Spot Ocean Scaling and Cost Optimization Dashboard

This dashboard provides real-time insights into the scaling, cost, usage, and right-sizing activities managed by Spot Ocean within your Kubernetes cluster. It showcases metrics related to node provisioning, optimization, cost efficiency, and recovery operations. The visualizations help you understand how Spot Ocean dynamically manages Kubernetes cluster resources to ensure optimal performance, cost savings, and high availability. Key actions such as scale-ups, scale-downs, node replacements, and manual interventions are highlighted to give a comprehensive view of your cluster’s operational status and health.

It includes comprehensive data on compute, storage, and networking expenses, helping you monitor and optimize cloud spending. Visualizations highlight the cost distribution across different resource types and track usage patterns over time. This information empowers customers to make informed decisions about resource allocation, identify cost-saving opportunities, and ensure efficient utilization of cloud infrastructure. Additionally, the dashboard enables the evaluation of Ocean’s right-sizing capability, demonstrating how efficient resource adjustments contribute to cost reduction while maintaining optimal cluster performance.

Introduction

Spot Ocean (https://spot.io/product/ocean/) manages the scaling of the Kubernetes data plane, and the data generated in the process can be valuable for monitoring your containerized environment. Using well-defined Prometheus metrics for monitoring Ocean helps you understand cluster scaling and debug any issues that may arise. In addition, you can build alerts based on the metrics to address issues in real-time and track important trends on a dashboard of different Ocean metrics.

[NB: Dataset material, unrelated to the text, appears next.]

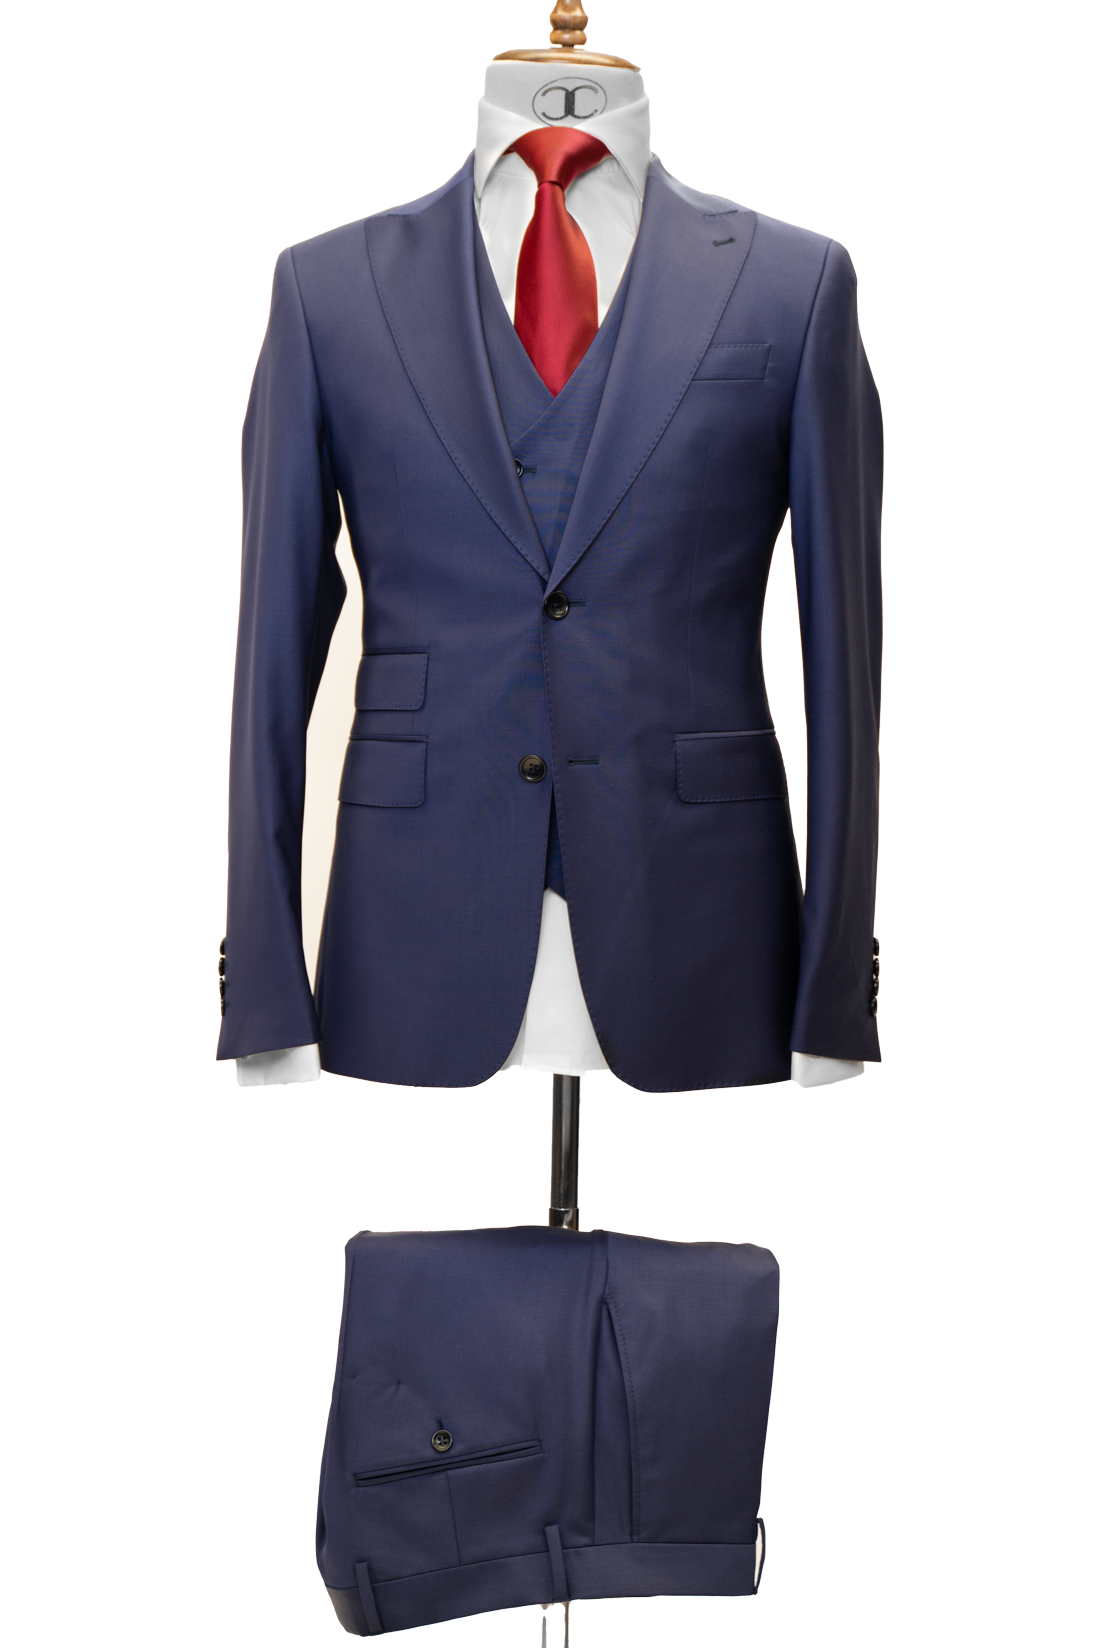 Slim Fit French Blue Two Piece Suit GB-188 – Italy Direct

Ocean maintains an official set of metrics, natively scrapable by Prometheus. This set of metrics helps build a 360-degree view of Ocean's actions while providing application-driven infrastructure.

Variables

Datasource: Select the cluster datasource in a Grafana installation with multiple datasources available.
Ocean Cluster ID: Filter data only for the selected ID, suitable for datasources with data from several Ocean clusters.
Aggregation Interval: Used to set a relative time in panels with aggregated data. The relative time will be shown on the panel title.

Metrics

By monitoring the following key metrics, you can understand how Ocean scales.

Current Status

Ocean controller status. Source: Ocean.
Kubernetes cluster Nodes. Source: Kubernetes API server.
Nodes managed by Ocean. Source: Ocean.
Cluster resources utilization. Source: Ocean.
Cluster cost during the selected aggregation interval. Source: Ocean.
Top 5 workloads with maximum cost during the selected aggregation interval. Source: Ocean.
Cluster cost's potential savings suggested by the right-sizing feature. Source: Ocean.

Scaling

Overview

Cluster nodes' allocatable resources (CPU, memory, GPU). Source: Ocean.
Ocean cluster headroom allocatable resources (CPU, memory, GPU). Source: Ocean.
Ocean cluster resources limit (CPU, memory). Source: Ocean.
Ocean nodes breakdown by instance lifecycle and availability zone. Source: Ocean.
Cluster nodes' allocatable resources breakdown by instance lifecycle and availability zone. Source: Ocean.

Nodes Managed by Ocean Metrics

Ocean nodes count over time. Source: Ocean.
Ocean nodes count by instance lifecycle and availability zone over time. Source: Ocean.
Cluster nodes' allocatable resources count by instance lifecycle and availability zone over time. Source: Ocean.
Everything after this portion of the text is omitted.